We met at Heathrow airport on the way to join the Catlin Arctic Survey and compared choices of bad films on the flight to Ottawa.
Dr Ceri Lewis of the University of Exeter drew a picture of a copepod for me on the paper table cloth of Montana’s in pink crayon. It looked like an elongated marine wood louse.
A copepod is a small marine animal. It is a crustacean, which means it is related to lobsters, shrimps and crabs. Copepods are plankton, animals (zooplankton) and plants (phytoplankton) that are carried by ocean currents rather than making their own way in the world.
The word copepod comes from two Greek words kope- oar and pod- foot. These are the oar-footed creatures and they are the most abundant animal on this planet.
There are an estimated 1,347,000,000,000,000,000,000 copepods in the world’s oceans.

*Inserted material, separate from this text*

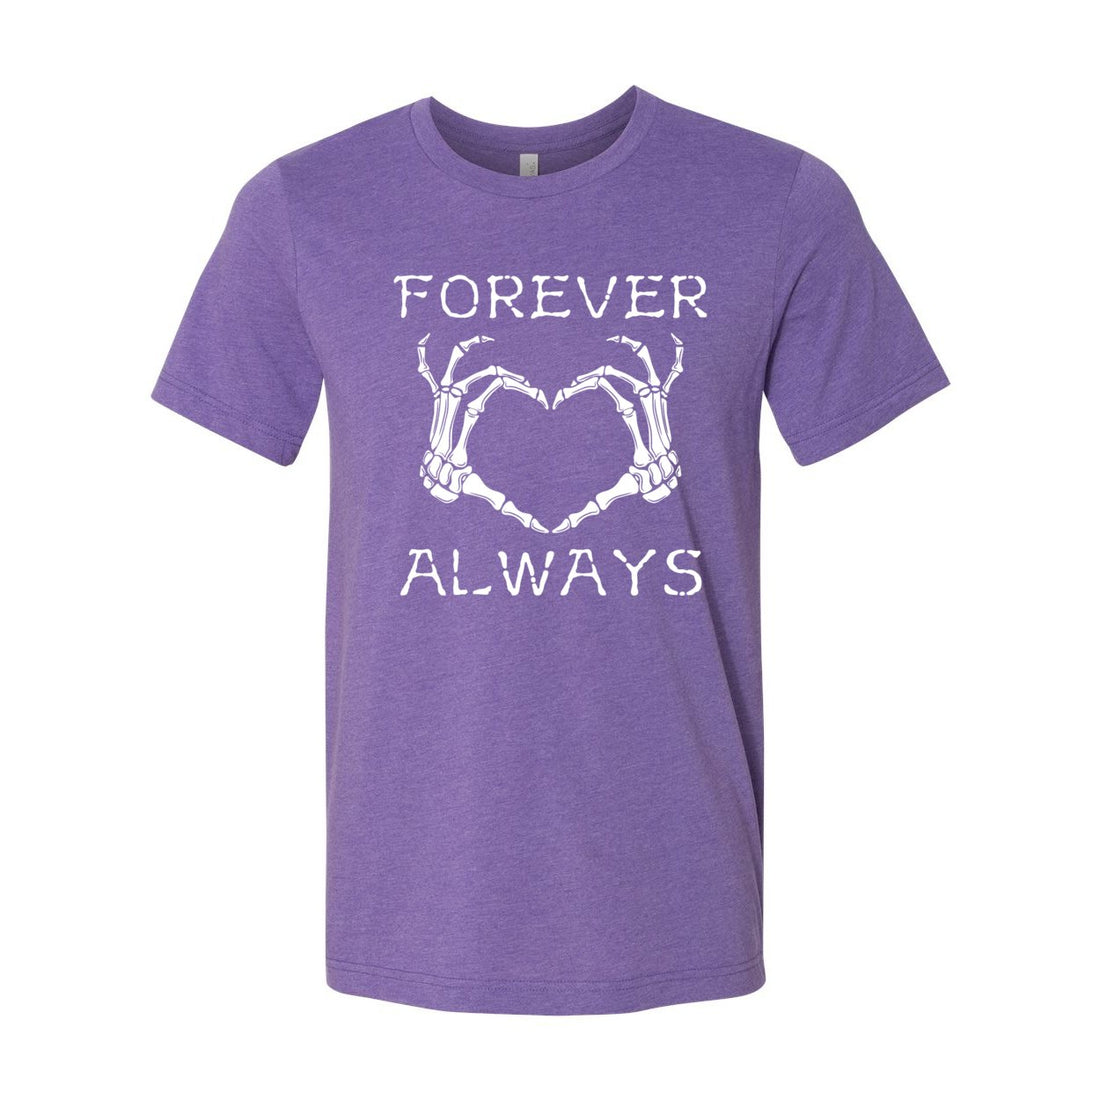 Forever and Always Sleeve Jersey Tee - T-Shirts - Positively Sassy - Forever and Always Sleeve Jersey Tee

They would fill over 80 million Olympic swimming pools and weigh more than 16 billion double-decker buses.
If you placed them end to end, they would stretch to the moon and back 87 million times.
There are nearly 200 billion more copepods than people on the planet, and even though they are small, their combined mass is over 400 times that of the human population.
At their fastest, they travel a hundred times faster than Usain Bolt. “My little babies rock,” Ceri reminds me.
Not only are there a lot of them, they are also essential for the marine food chain. In any food chain there are the ‘primary producers’, life forms that take energy from the sun and turn it into carbohydrates, simple food. In the seas, this is algae, which are anything from single-celled phytoplankton to hundred foot long kelps and meadows of sea grass. This marine plant life does not generally contain the more complex carbohydrates, fats and proteins needed to sustain larger animals.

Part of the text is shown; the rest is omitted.